Free Preview: “In Loco Parentis” Clarified! Below is an explanation and clarification of this change to the FMLA. This change applies to an employee standing “in loco parentis” to a child.
1. The Administrator determined: additional clarification is needed on the definition of “son or daughter” as it applies to an employee taking FMLA-protected leave for the birth or placement of a child, to care for a newborn or newly placed child, or to care for a child with a serious health condition.
1.1 Background: FMLA entitles eligible employee to take up to 12 workweeks of job-protected leave,“[b]ecause of the birth of a son or daughter of the employee and in order to care for such son or daughter,” “[b]ecause of the placement of a son or daughter with the employee for adoption or foster care,” and to care for a son or daughter. FMLA defines “son or daughter” as a “biological, adopted, or foster child, a stepchild, a legal ward, or a child of a person standing in loco parentis, who is (A) under 18 years of age; or (B) 18 years of age or older and incapable of self-care because of a mental or physical disability.”
1.2 DOL has received requests for additional guidance.
1.3 The definition of “son or daughter” under FMLA includes not only a biological or adopted child, but also a “foster child, a stepchild, a legal ward, or a child of a person standing in loco parentis.”

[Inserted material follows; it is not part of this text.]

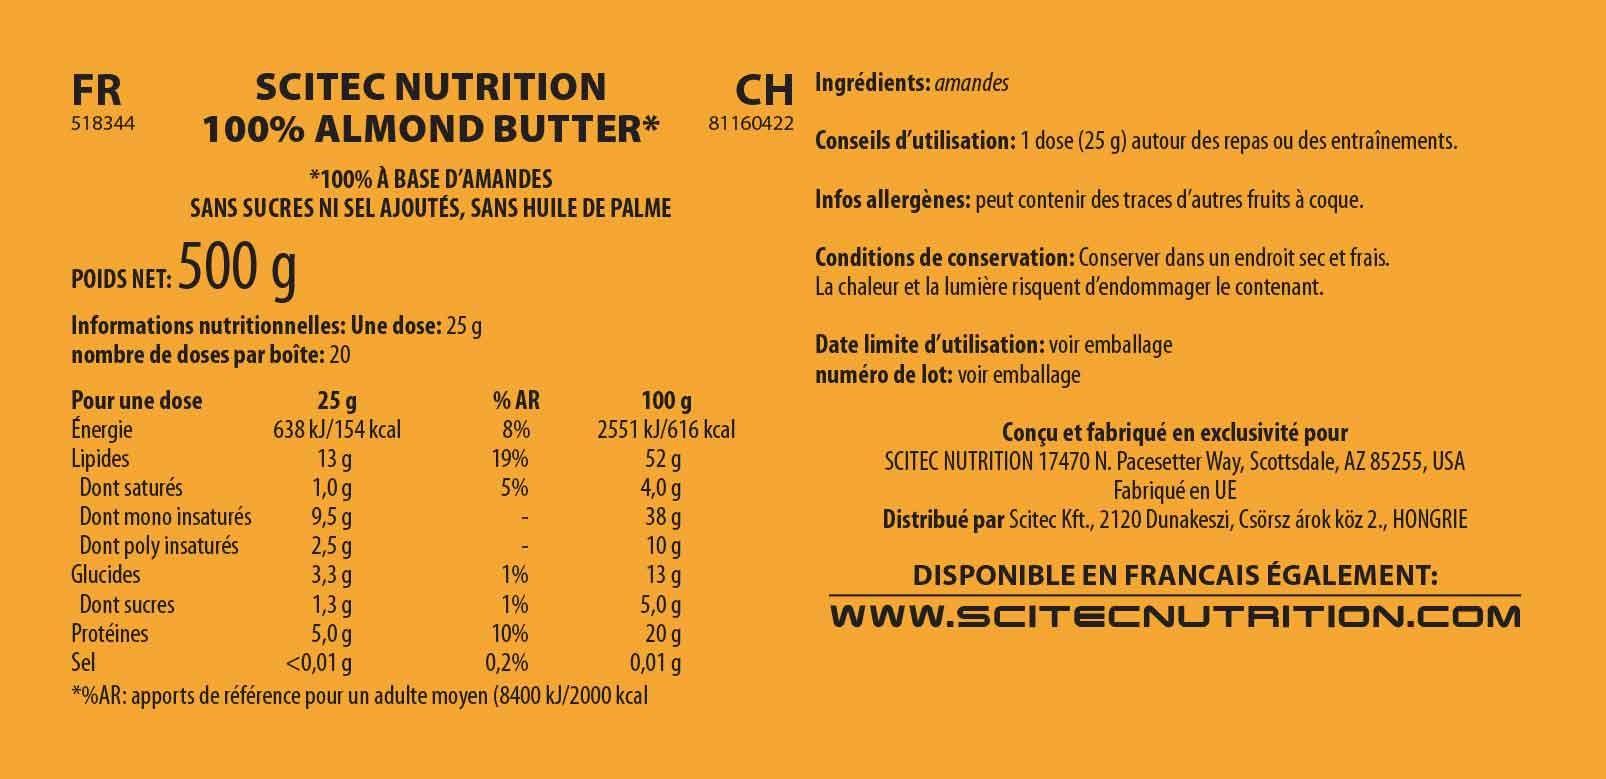 Informations nutritionnelles 100% Almond Butter de Scitec Nutrition

1.4 Congress intended the definition of “son or daughter” to reflect “the reality that many children today do not live in ‘nuclear’ families with biological father and mother. Congress stated the definition was intended to be construed to ensure that an employee who actually has day-to-day responsibility for caring for a child is entitled to leave even if the employee does not have a biological or legal relationship to that child.”

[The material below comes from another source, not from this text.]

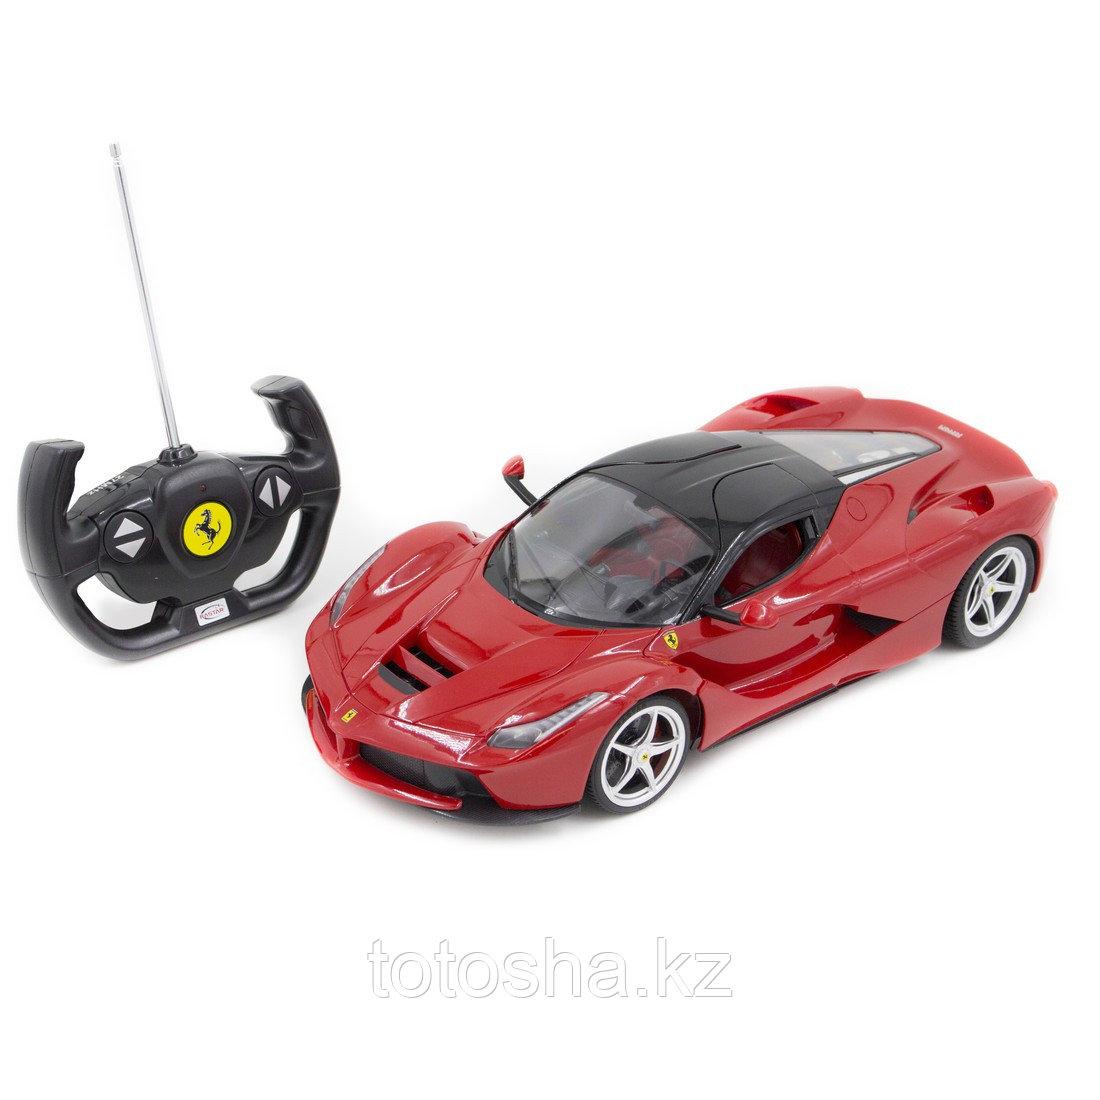 Радиоуправляемая машина Ferrari LaFerrari 1:14, RASTAR 50100R

1.5 “In loco parentis” is commonly understood to refer to “a person who put him/herself in the situation of a lawful parent by assuming the obligations incident to the parental relation without the formalities of legal adoption.
1.6 Whether an employee stands “in loco parentis” to a child is a fact dependent issue. Courts have enumerated factors to consider in determining in loco parentis status. Factors include age of the child; degree to which child is dependent on person claiming to be standing in loco parentis; amount of support provided; and extent to which duties commonly associated with parenthood are exercised.
1.7 The FMLA regulations define “in loco parentis” as including those with day-to-day responsibilities to care for and financially support a child. Employees without a biological or legal relationship with a child may stand in loco parentis to the child and entitled to FMLA. It is the Administrator’s interpretation that regulations do not require an employee who intends to assume the responsibilities of a parent to establish that s/he provides day-to-day care and financial support in order to be found to stand in loco parentis to a child.
For instance: an employee who will share equally in the raising of an adopted child with a same sex partner, but who does not have a legal relationship with the child, would be entitled to leave to bond with the child following placement, or to care for the child if the child had a serious health condition, because the employee stands in loco parentis to the child.
1.8 Because a child has a biological parent in the home, or has both a mother and a father, does not prevent a finding that the child is the “son or daughter” of an employee who lacks a biological or legal relationship with the child for purposes of taking FMLA leave.
1.9 Examples of situations in which an “in loco parentis” relationship may be found include a grandparent takes in a grandchild assuming ongoing responsibility for the child because the parents are incapable of providing care, or an aunt assumes responsibility for raising a child after the death of the child’s parents.
1.10 Conclusion: Based upon an examination of relevant factors, it is the Administrator’s interpretation that either day-to-day care or financial support may establish an “in loco parentis” relationship where the employee intends to assume the responsibilities of a parent with regard to a child. In all cases in loco parentis to a child will depend on the particular facts.
1.11 This Administrator’s Interpretation does not address an employee’s entitlement to take military FMLA leave for a son or daughter, which is determined by separate definitions. See 29 C.F.R. § 825.122(g), (h).
1.12 There is no specific set of factors that, if present, will be considered to be dispositive in determining in “loco parentis status.” See e.g., Martin v. Brevard County Public Schools, 543 F.3d finding issue of material fact on in loco parentis issue where employee helped his girlfriend's son eat, dress, get ready for bed, took child to doctor appointments and to school and contributed more than half of child's financial support.
1.13 Issues For Employers: (The following questions listed in 1-2-3&4 below are concerns raised by Mike Murphy and are not the opinion of the Administrator).
1) Does this interpretation of “In Loco Parentis” mean an employee can qualify for FMLA to care for the son or daughter of a same-sex partner because the definition of "son or daughter" includes a child of a person standing "in loco parentis?"
2) Does this interpretation expand the definition of “parent” as understood and used in the FMLA to a broader meaning and interpretation and create a more difficult, complicated situation for employer?
3) Does the DOL intend to publish rules, which clarify what criteria an employer may rely upon to determine if an employee without a biological or legal tie to a child will fall under the protection and entitlement of FMLA because they say they are in loco parentis?
4 This Action illustrates how FMLA evolves through interpretation, by administrators; by court rulings and by amendment.